• TASK STATEMENT
Type the data below again exactly. Omit all pictures.

• INFORMATION PROVIDED
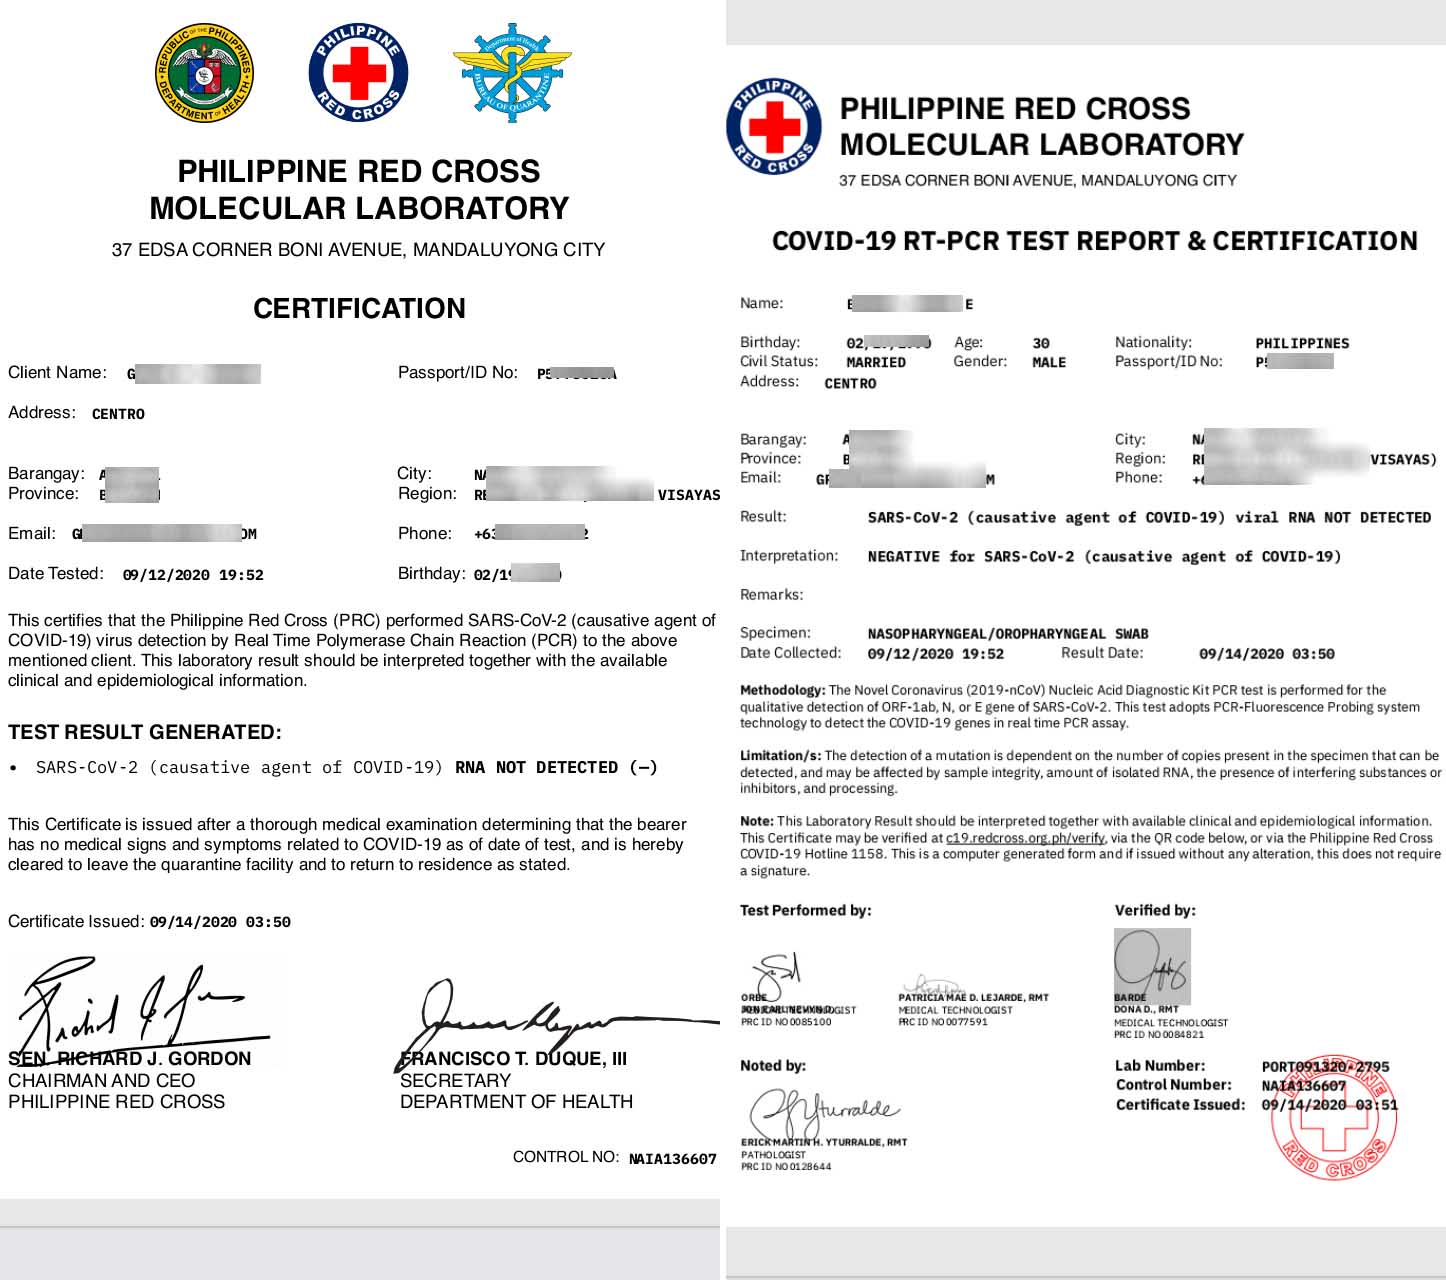 COVID-19 RT-PCR Test Result and Certification from the Philippine Red Cross Molecular Laboratory.
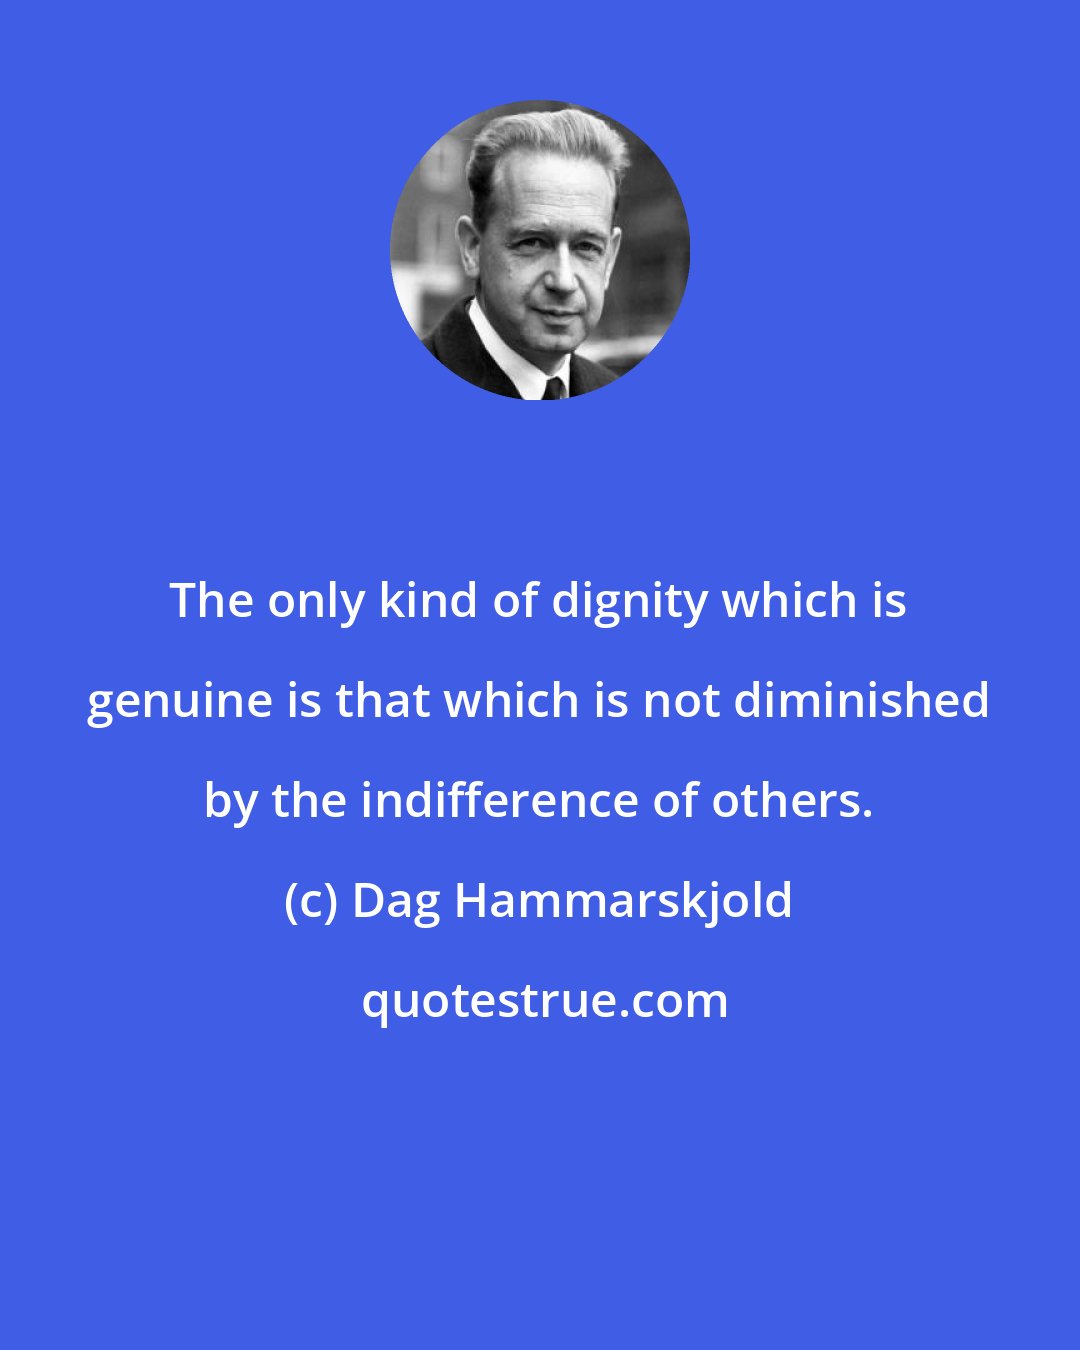 Dag Hammarskjold: The only kind of dignity which is genuine is that which is not diminished by the indifference of others.
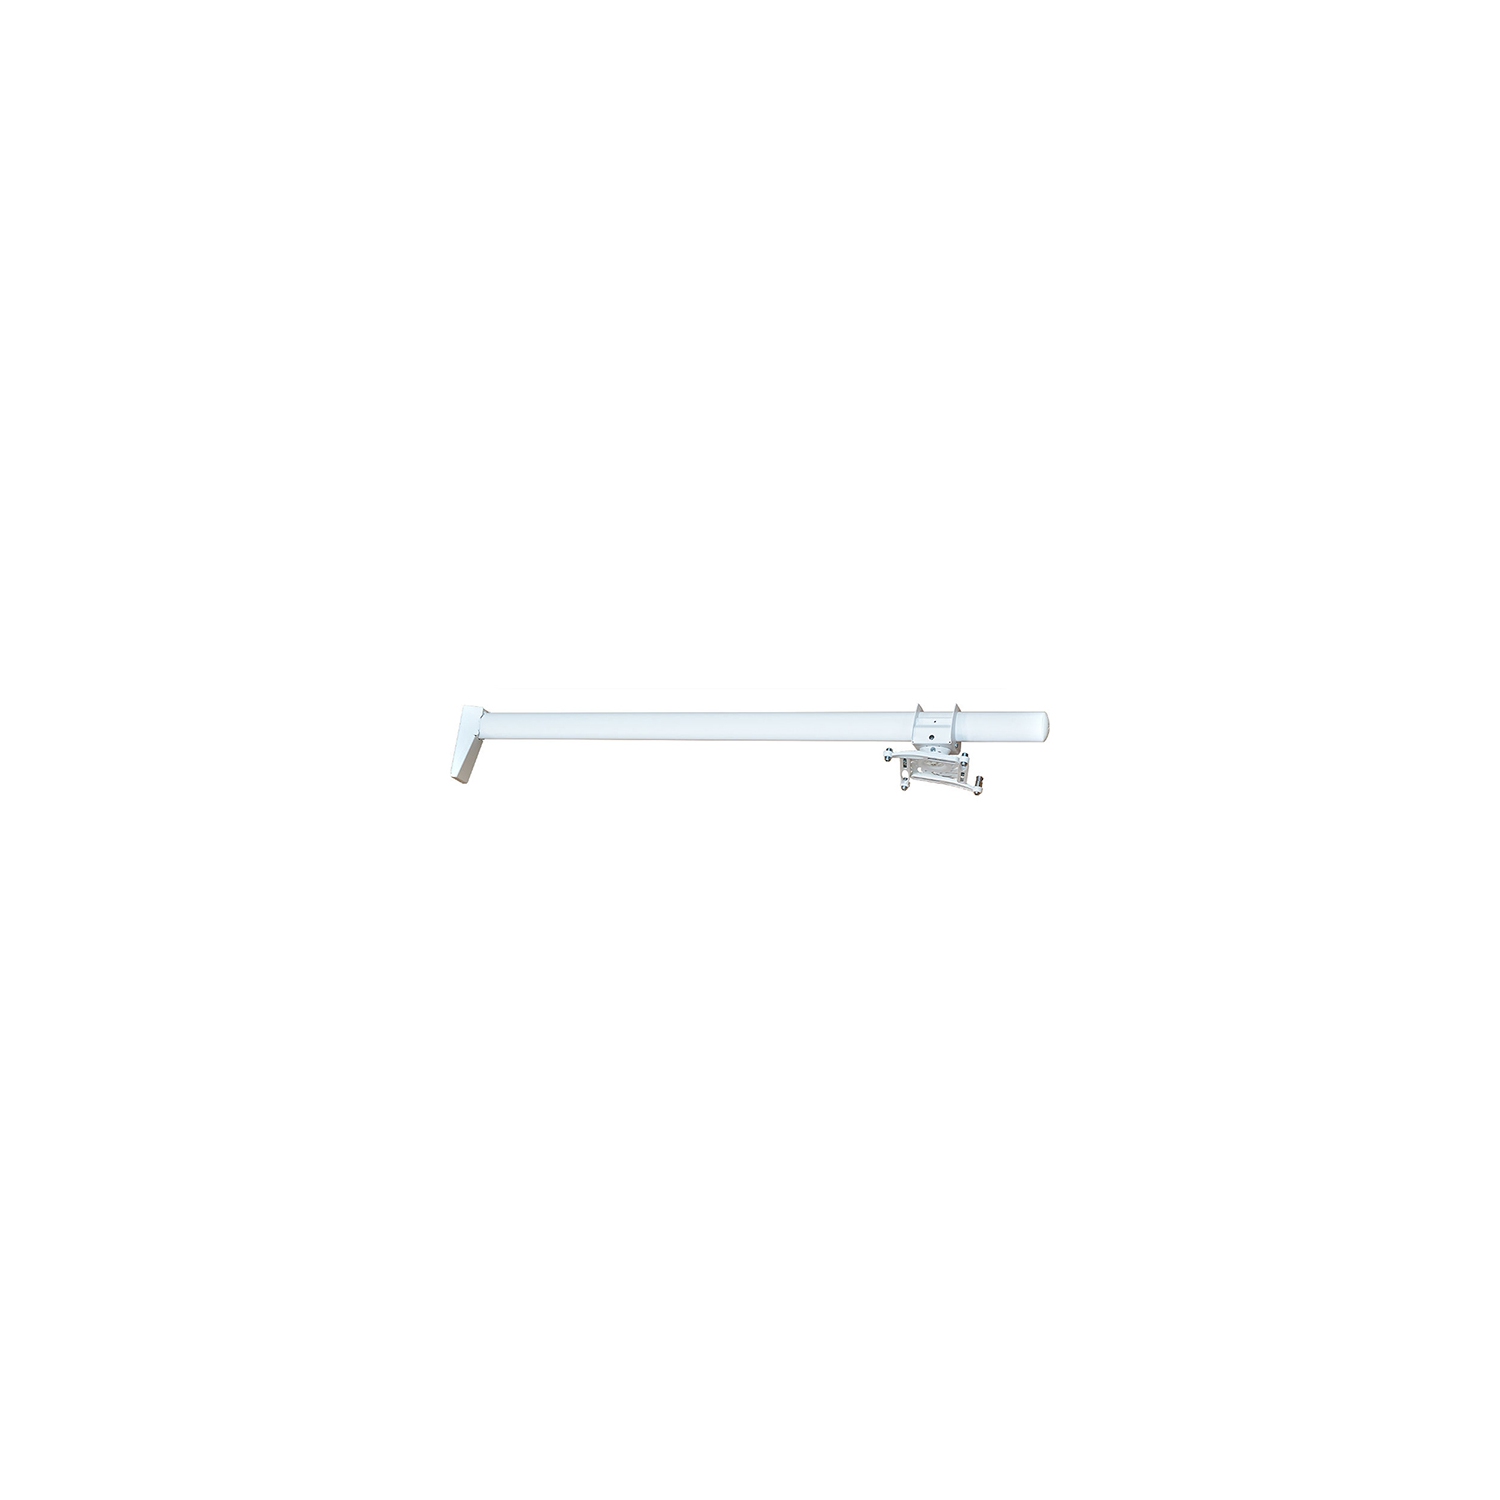 Viewsonic Short Throw 49" Wall Mount Kit for Projector - White (WMK-042)

• REPLY TO THE TASK
 COVID-19 RT-PCR Test Result and Certification from the Philippine Red Cross Molecular Laboratory.
 Dag Hammarskjold: The only kind of dignity which is genuine is that which is not diminished by the indifference of others.
 Viewsonic Short Throw 49" Wall Mount Kit for Projector - White (WMK-042)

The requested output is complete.